The CRU’s investigation uncovered a serious problem with the identification of the defendant. Both the customer and another employee who was outside the store in the lumberyard identified the defendant in a photo array. During a pre-trial hearing to determine whether the procedure was improperly suggestive, it came out that three of the fillers were used in another array shown to the employee two days earlier (of a different suspect whom he didn’t identify). The judge ordered another hearing for the employee to decide whether his observations provided an independent basis for the ID. (Unlike the customer, the employee didn’t identify the defendant in a lineup, so he wasn’t called to testify, and that second hearing never took place). When asked by the hearing judge if the customer also viewed the earlier array, both his lawyer and the prosecutor said that he did not. The judge ruled that the photographic array procedure wasn’t suggestive.

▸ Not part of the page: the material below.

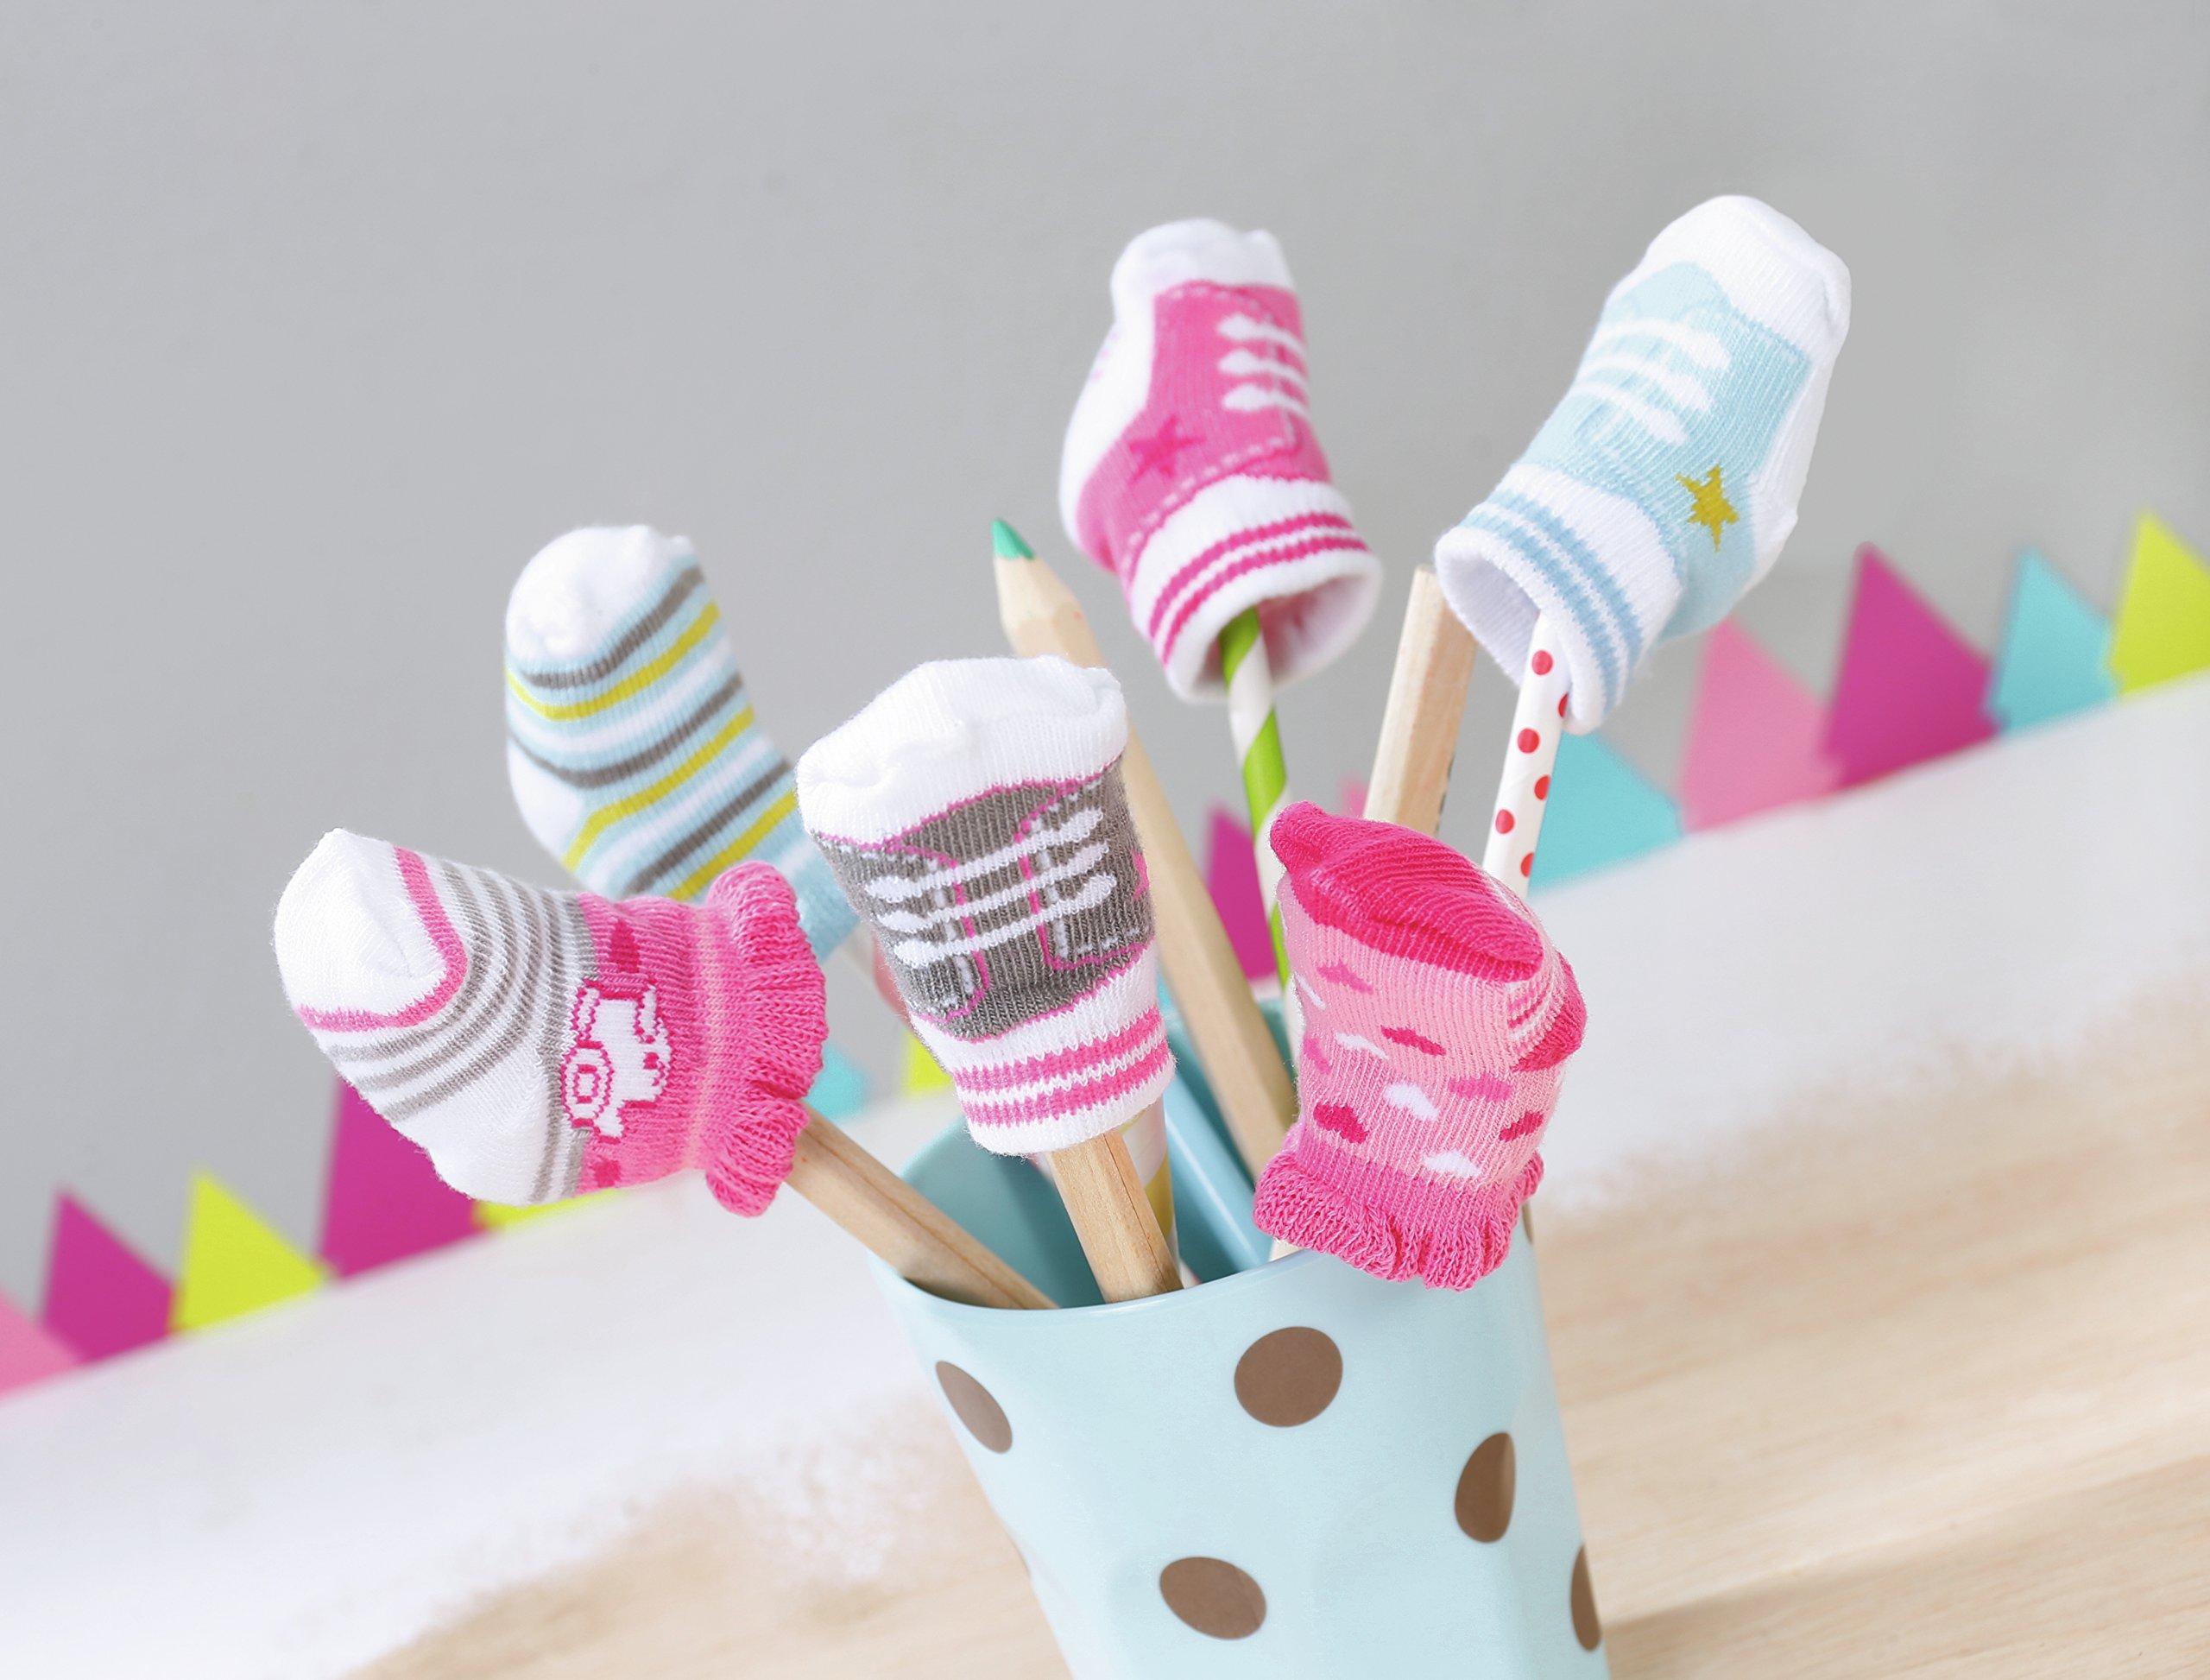 BABY born Socks, 2 pack Calcetines de muñeca - Accesorios para muñecas (2 pack, Calcetines de muñeca, 3 año(s… 3

A thorough review of police reports led the CRU to establish that the customer did, in fact, view the earlier array and therefore, by process of elimination, picked out the defendant from only three photos, instead of six. Had the judge ordered an independent source hearing for him as well, the fact that the traumatized customer initially gave a general description of a stocky black man would have likely precluded him from identifying defendant at trial, leaving prosecutors without adequate evidence to prove the case. At trial, the lead detective testified that both witnesses viewed both arrays, and the police reports confirming that were available to all sides, but no one alerted the new trial judge about the hearing judge’s mistaken ruling.

A few years after the conviction, the defendant provided a name of the person who allegedly committed the robbery with France. The DA’s Office investigated that claim but concluded that that person was incarcerated at the time of the crime. However, the CRU was able to discover that he was actually on a 14-week work release program that ended two days after the murder, wherein he was furloughed six days a week and likely residing in his neighborhood of East Flatbush.

In addition, the CRU was provided with two recordings of this alternative suspect. One was a mini cassette recording of a barely audible phone conversation from 1999 that was likely recorded by the defendant’s mother, with France on the line from prison. In it, the alternative suspect mentioned the lumberyard, said “we messed up,” and described the Seiko watch as not being made of gold and the small pinky ring – details that were not known to the public. The second was a videotape from the same year, where that person was coaxed into sharing details about the incident and at some point said, “I don’t feel good. I always think about it,” and acknowledged that the wrong man was imprisoned for the crime.

The CRU also interviewed a man who was inside a pharmacy across the street from the lumberyard and claimed that the alternate suspect was France’s true accomplice – recalling that he would see him in the neighborhood around that time and watched him flee the lumberyard at the time of the murder. Finally, in a 2012 affidavit and in subsequent parole hearings, France took responsibility for his role and repeatedly stated the defendant was not involved.

For these reasons, particularly the flawed identification procedure that was compounded by errors from the hearing judge, the prosecutor, and defense counsel, the CRU recommended that Carrington’s conviction should be vacated, and his indictment dismissed. Subsequently, the office investigated the possibility of charging the alternative suspect. Regrettably, legal hurdles unique to prosecuting a crime that occurred nearly three decades ago and for which another individual was convicted at trial render prosecution of the that suspect unviable.

To date, the work of the Conviction Review Unit has resulted in 38 convictions being vacated since 2014. Currently, CRU has approximately 60 open investigations.

This case was investigated by Assistant District Attorney and CRU Editor-in-Chief, Lori Glachman, under the supervision of Charles Linehan, Unit Chief.